しかし、勝手に話をしている手前、姉が嫌がるような話はできないし。そもそも姉は昔からしっかりしていて、姉付きだったメイドのアンナならまだしも、姉の子ども時代特有の微笑ましい話など私はそんなに持っていなかった。
「うーむ。…………あ……」
そろそろ別の話でも振れないかと思った瞬間、何かを思い付いてしまったらしい閣下が私を見る。
「……どうしました?」
「いや、あー……、そうだ。なあ、ユーゴ」
「はい?」
「……頼みがあるんだが」
改まって頼みがあるだなんて、地味に嫌な予感がする。が、義理の兄とはいえ相手は大公閣下だ。
私は努めて笑顔を貼り付けた。
「……何でしょう?」
「ああ、いや、そろそろな……」
「……??」
「………………『義兄上』と、呼んでくれないか?」
「……へ?」
予想外の言葉に、思わずキョトリとしてしまう。
「いや、だって、せっかく義理とはいえ兄弟になったんだ。……いつまでも『閣下』では、少々……」
そう言って口籠もる目の前の人物が、目元をじわじわと赤くしていくのが見えた。
「……え。あ。え? いいんですか?」
「……当然だろう。
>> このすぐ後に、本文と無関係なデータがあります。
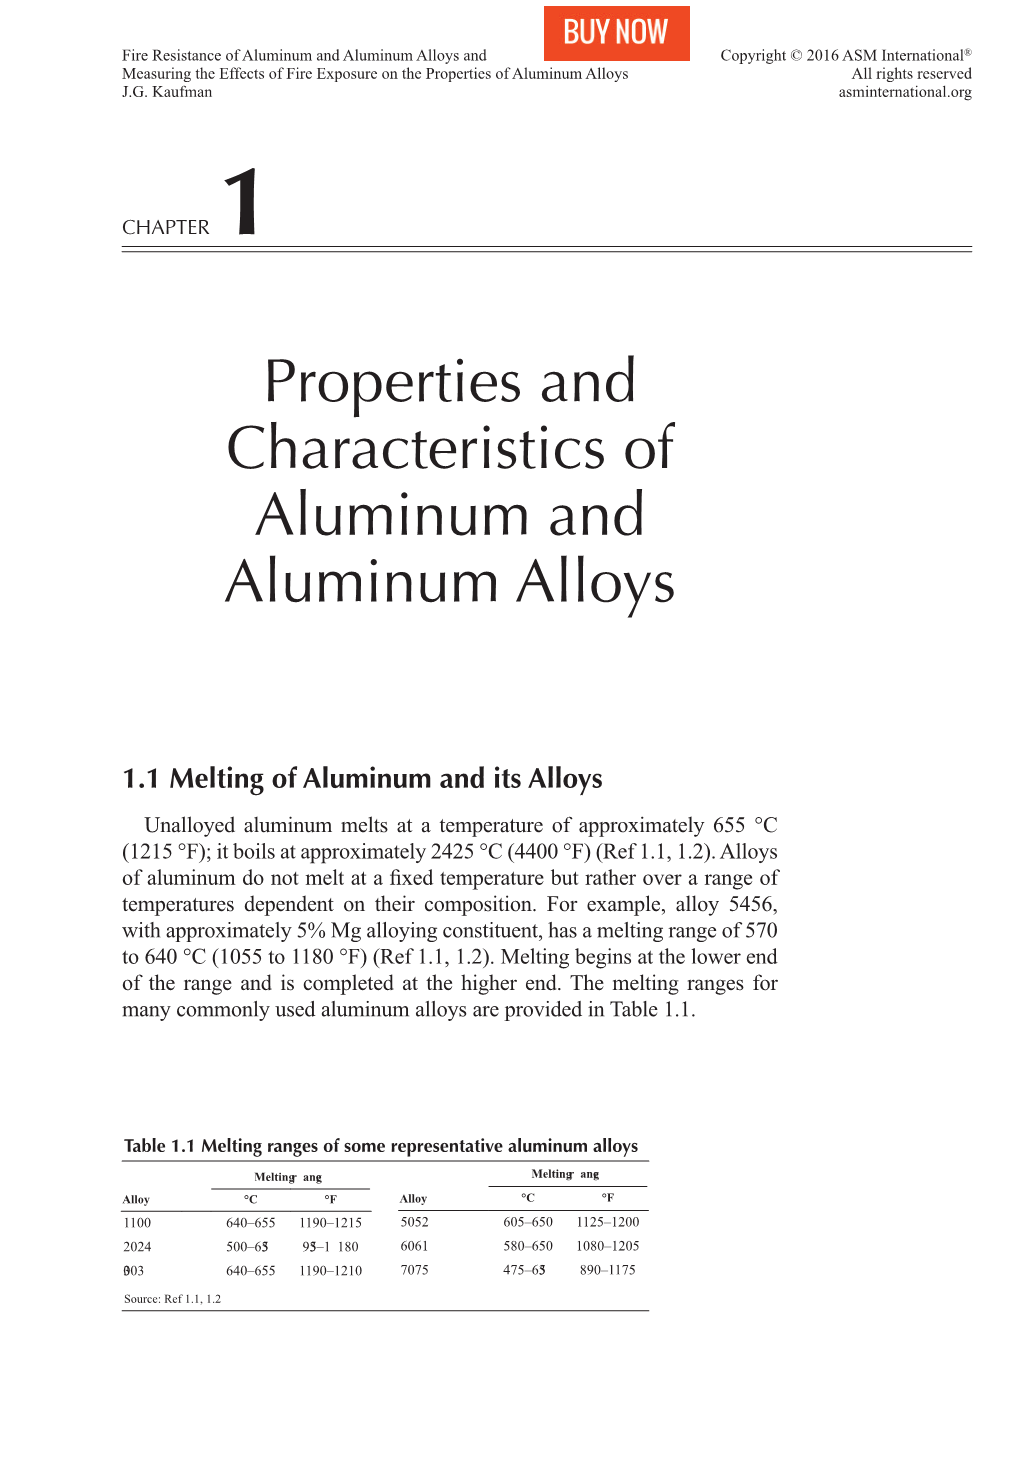 Properties and Characteristics of Aluminum and Aluminum Alloys

私には兄だけで、…………ずっと弟が欲しかったんだ」
「なる、ほど……? では、えーっと……」
遠慮なく……と、口を開いたその時の、「義兄上」と言いかけた時。
――「『兄様』じゃダメなの?」
「「?!!」」
急に聞こえた声に二人で焦って視線を向ければ、まだどこかポヤリとした様子で姉が閣下を見上げていた。
「なっ?! マリ?! いつの間に起きて……?!」
いつも冷静な閣下が、慌てふためく。
「んんー……? えっと、ブランケットを掛けてもらった辺りから、うっすらとだけど意識はあったわ」
「「!!!」」
「ふふっ。ねぇ、兄様じゃダメなの? ……アレク兄様?」
「な゛っ。なんでマリが私を兄様って呼ぶんだ?!」
「ええー、なんとなく。私だって妹気分を味わいたい時ぐらいあるわよ、アレク兄様」
「ーー~~っっ……!!!」
話を聞かれていた恥ずかしさか、姉から「アレク兄様」と呼ばれる気恥ずかしさか。耳まで真っ赤にしながら口元を手で覆い、絶句している閣下を見て。いつもはすごくお強くて格好良い方なのになと思った瞬間、堪らない可笑しさが込み上げた。
「ふっ。……く、ふ、っ、……ふくくっ」
「ユーゴ?! おまっ」
堪えきれずに吹き出してしまうと、再び閣下に睨まれる。
「あー、ははっ、すみません。……っ、はぁ。……えーっと、いや、姉上。私はちゃんと、『義兄上』と呼ばせてもらいますよ」
「あら。そうなの?」
「はい」
閣下のなんとも怖くない視線をかわしつつ、一方でケロリとしている姉を見れば、なんだかデジャブを感じた。
(ここも『奥さん』のほうが強いんだな……)
きっとこの人たちも、あの人たちのようにずっと仲が良いままなんだろうなと改めて思う。
――きっと、この空気感もずっとこのまま続くだろう。
「ふふっ。……ええと、では。……これからもよろしくお願いしますね。義兄上」
「……っ、……ああ。よろしく、ユーゴ」
そう言い合うと、今度は三人で顔を見合わせて。私たちは一緒にぷっと吹き出し、笑い合ったのだった。